The diagram above shows a pretty typical state of branches for our team. Starting from the left, the work has been done on the master branch. We then split off the release branch and finalise a release there. The build that goes live will be the last one before merging release back into master. In the mean time, we started some new work on the master branch, plus two stories that we know or believe we won’t be able to finish before the next release, so they live in separate branches. For Story A, we wanted to update it with changes made on the release and master branch, so we merged them into Story A shortly before it was finished. At the time the snapshot is taken, we’ve started preparing the next release and the Story A branch has been deleted as it has been merged back into master and is no longer in use. This means that we only have three branches pointing to commits as indicated by the blueish markers.

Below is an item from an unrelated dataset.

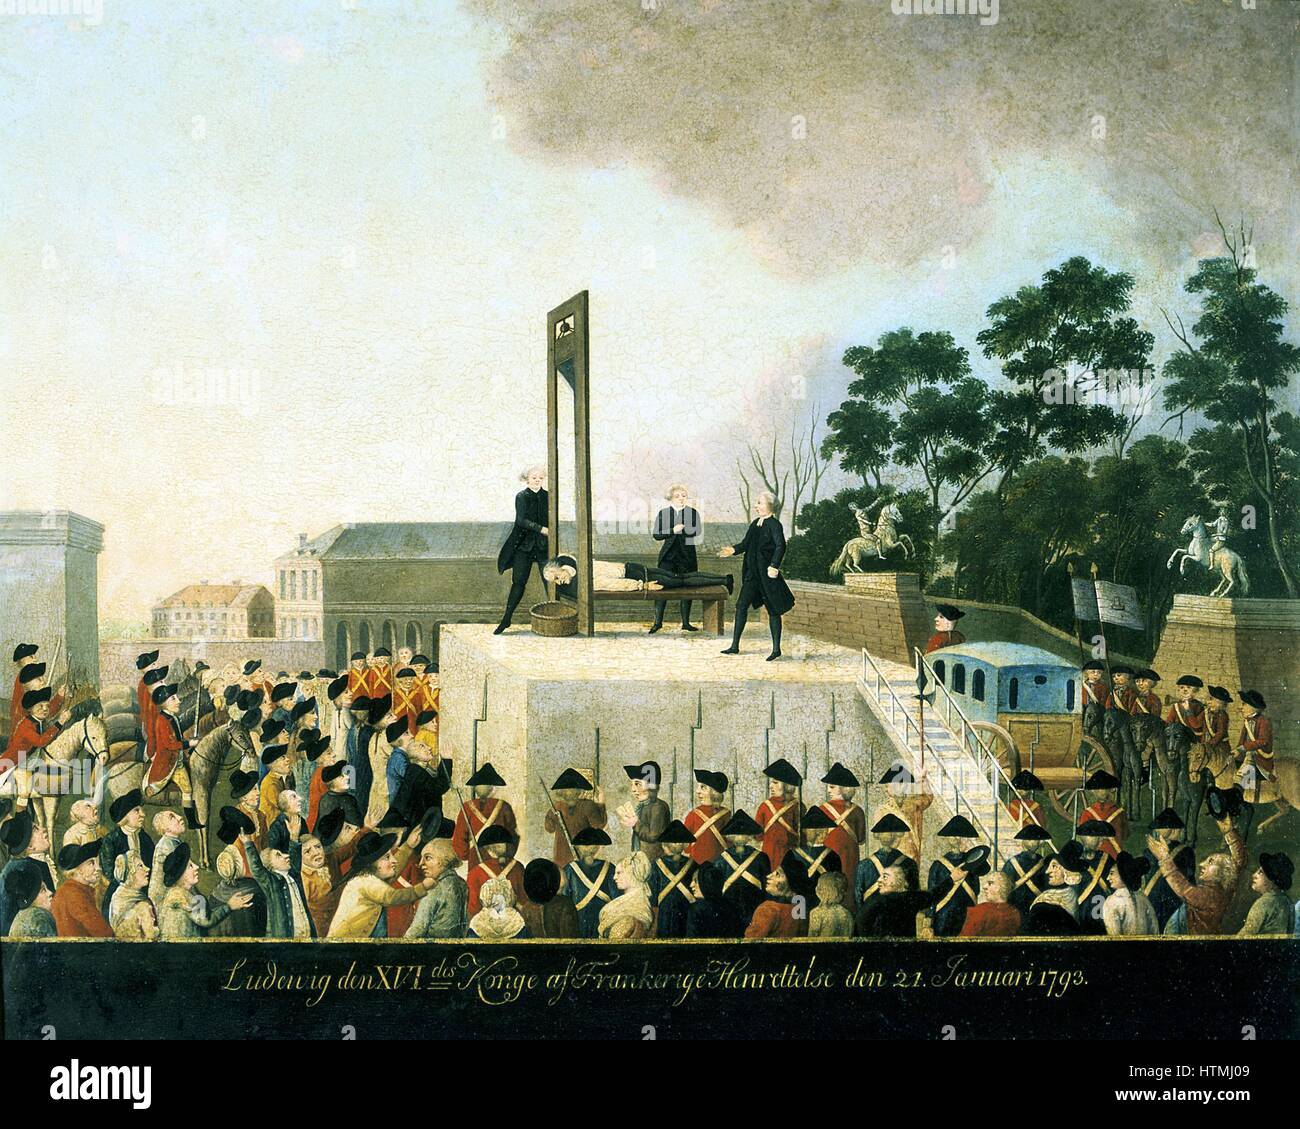 Hinrichtung durch die Guillotine von Louis XVI von Frankreich, 21. Januar 1793. Louis liegend gebunden Guillotine warten Klinge zu fallen und ihn zu enthaupten. Korb bereit, seinen Kopf zu empfangen. Öl auf Kupfer. Carnavalet, Paris Stockfoto
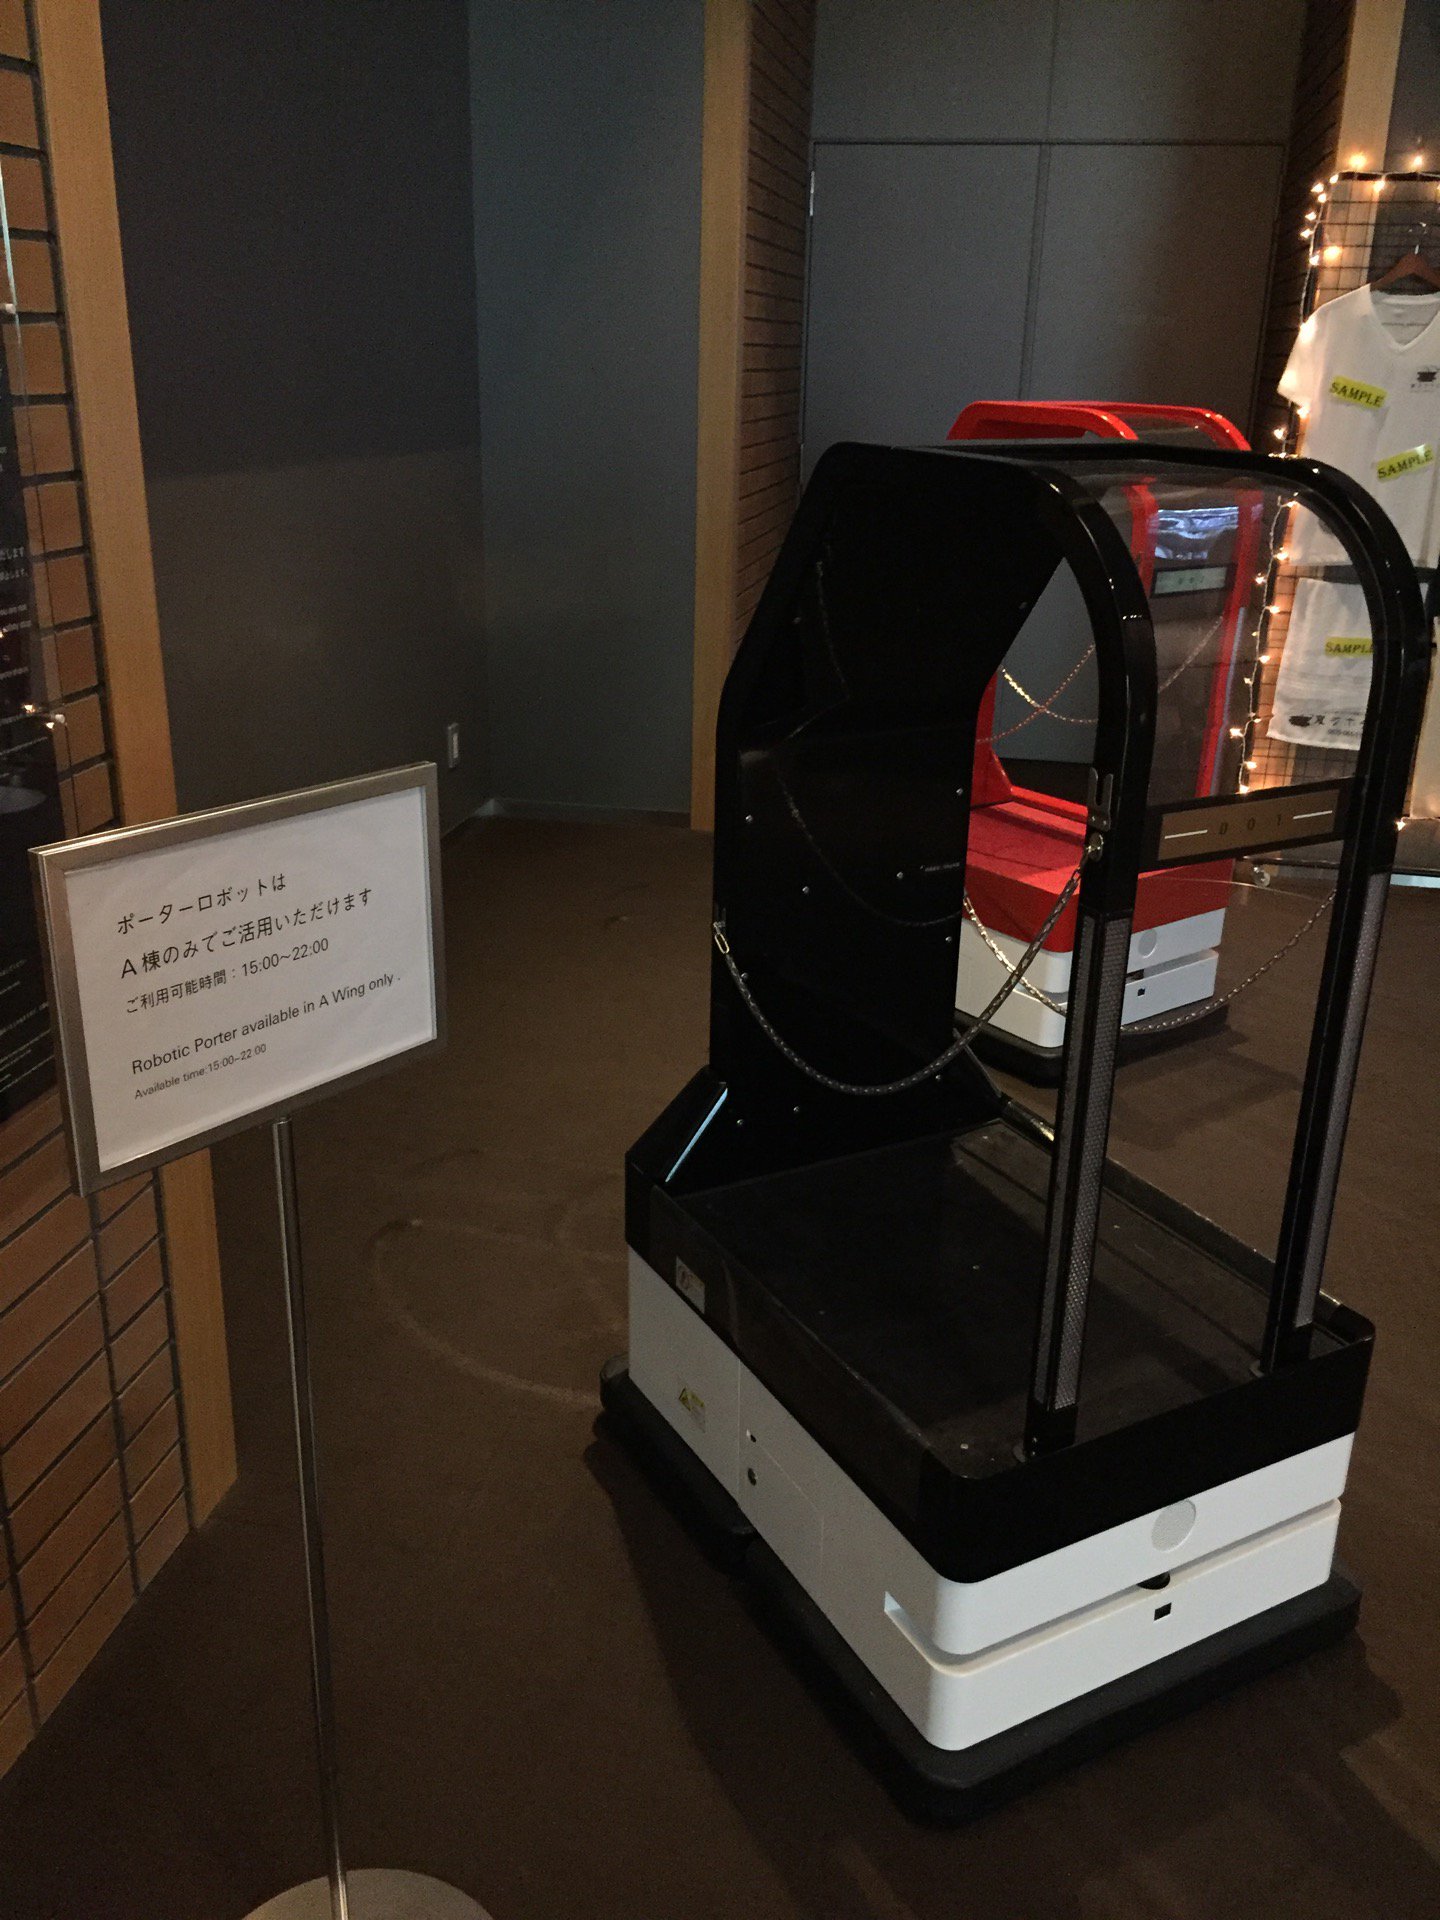 (ノД`)「ポーターロボットはA棟のみでご利用いただけます」 (@ 変なホテル in 佐世保市, 長崎県)

This blog post is now far longer than I had anticipated, so I’m going to have to cut the next two advantages of Git shorter than I had planned. Maybe I’ll get back to them later. For now, suffice it to say that Git allows you to do great magic in order to fix mistakes that you make and even extracting and combining code from different repositories with full history. I remember watching Linus Torvalds’ Tech Talk about Git and that he said that the performance of Git was such that it led to a quantum change in how he worked. For me working with Git has also led to a radical shift in how I work and how I look at code management, but it’s not actually the performance that is the main thing, it is the whole conceptual model with tracking commits that makes branching and merging so easy that has led to the shift for me. That Git is also a thousand times (that may not be strictly true…) faster than SVN is of course not a bad thing either.